Through grants, Santa Rosa’s Center for Well-Being and the Sonoma County Library are aiming to make 2017 a healthier year for families who otherwise wouldn’t have access to the programming the groups offer such as nutrition, cooking and physical education classes.
The Center for Well-Being is narrowing its focus to reach the four parts of the county deemed most in need of nutritional services based on the 2014 Portrait of Sonoma, a comprehensive look at disparities in the county and the relationship among income, education and health outcomes.
The Center chose Boyes Hot Springs, the B section of Rohnert Park, Santa Rosa’s West End and Roseland because of health inequities, unmet needs and the fact that a majority of residents are eligible for CalFresh, known federally as the Supplemental Nutrition Assistance Program, or SNAP.
According to the county, 32,490 Sonoma County residents were on CalFresh in October, while about 70,000 more residents were eligible.
Working with “Promotores de Salud,” community-based lay health and wellness promoters and educators who serve as a cultural bridge to communities, the group organizes community talks and stations at local farmers markets to show low-income residents that while it might seem cheaper and easier to grab a fast-food meal for dinner, eating healthy doesn’t have to be expensive or difficult.
From Oct. 1, 2015 to Sept. 30, 2016, the Center hosted 232 community presentations for 5,168 people.

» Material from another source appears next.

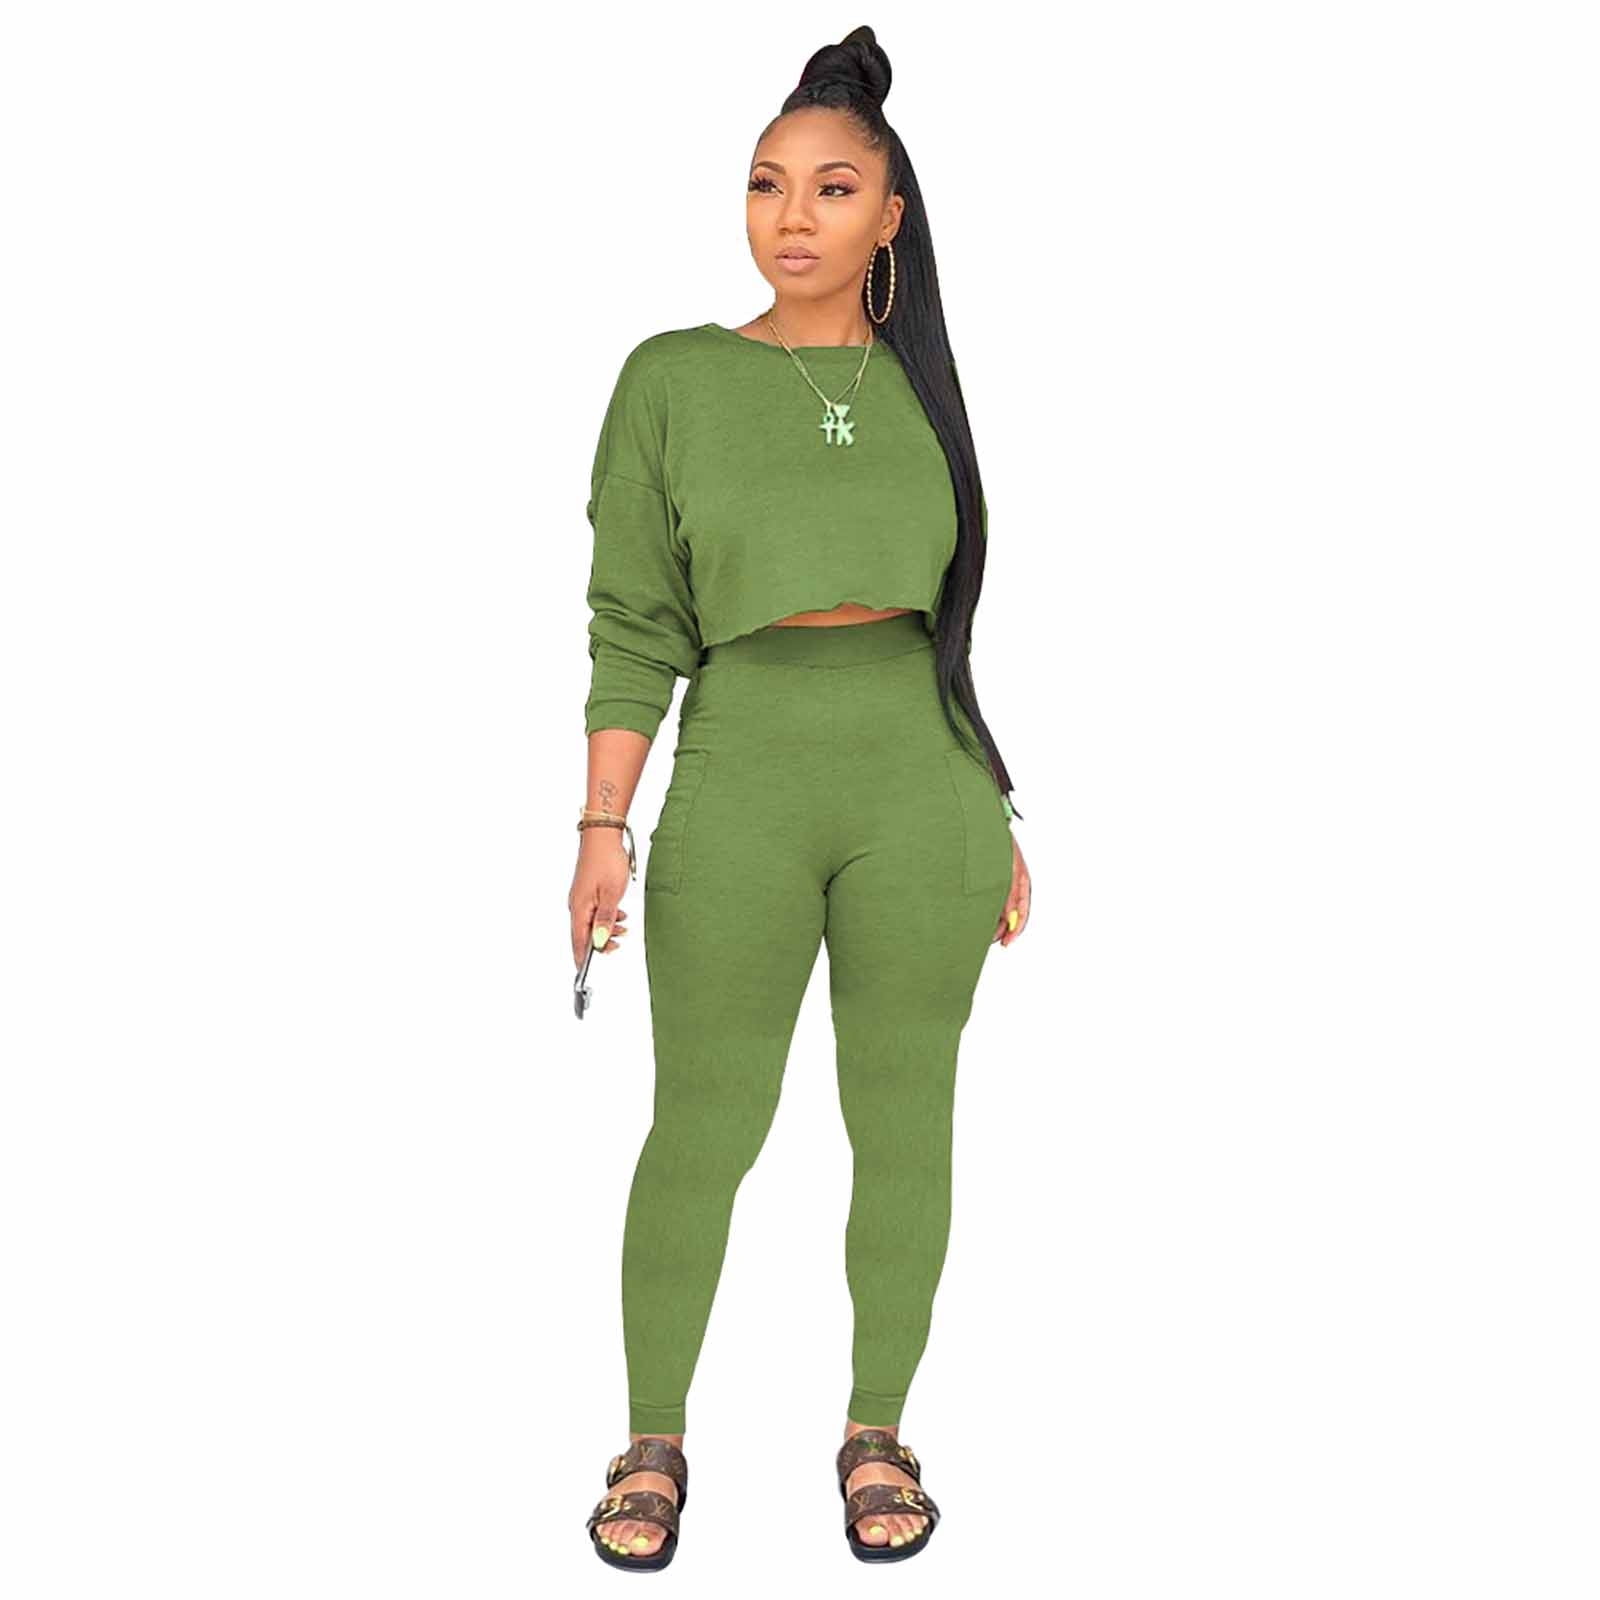 Herrnalise Women's two-piece solid color clothing Women's Fashion Full  Sleeve Sweater Pocket Pants Two-Piece Set

“We talk about all sorts of things,” said Martin Rivarola, the Center’s community engagement manager. “How you can make healthy meals on a budget, trying to work against the conception that healthy food is only for rich people.”
The Center is able to do this kind of programming thanks to a $150,000 federal SNAP-Education grant.
With that, the Center’s 25 promotores also work to change the way neighborhood grocery stores think about food, too.
“We work with those stores for them to increase the fruits and vegetables, so that healthy options are front and center,” Rivarola said. “We’re trying to work with them so that when you walk into a store, the first thing that you see are not chips and soda, but fruits and veggies. Something that you do see in Whole Foods, so why should it be any different? We are all human beings.”
Just this fall, 15 stores around the county were acknowledged by the Center for their support and participation in the Healthy Retail Program.
But change can be an uphill battle.
Rivarola used Coca-Cola as an example. For a person who grew up impoverished in Mexico, and for whom Coke came to signify a special treat, it means so much to proudly bring home a 2-liter bottle for your family to enjoy at the dinner table.
“It signifies passage from poverty to middle class, and so when I talk to someone about how Coke has empty calories, and no nutrients, it only adds to our weight problem in children, it adds to cavities, and everything else, I need to be very careful how I say that,” he said. “ It could very well be that when the other person hears that, they hear they need to go back to water. And for them going back to water may be going back to poverty.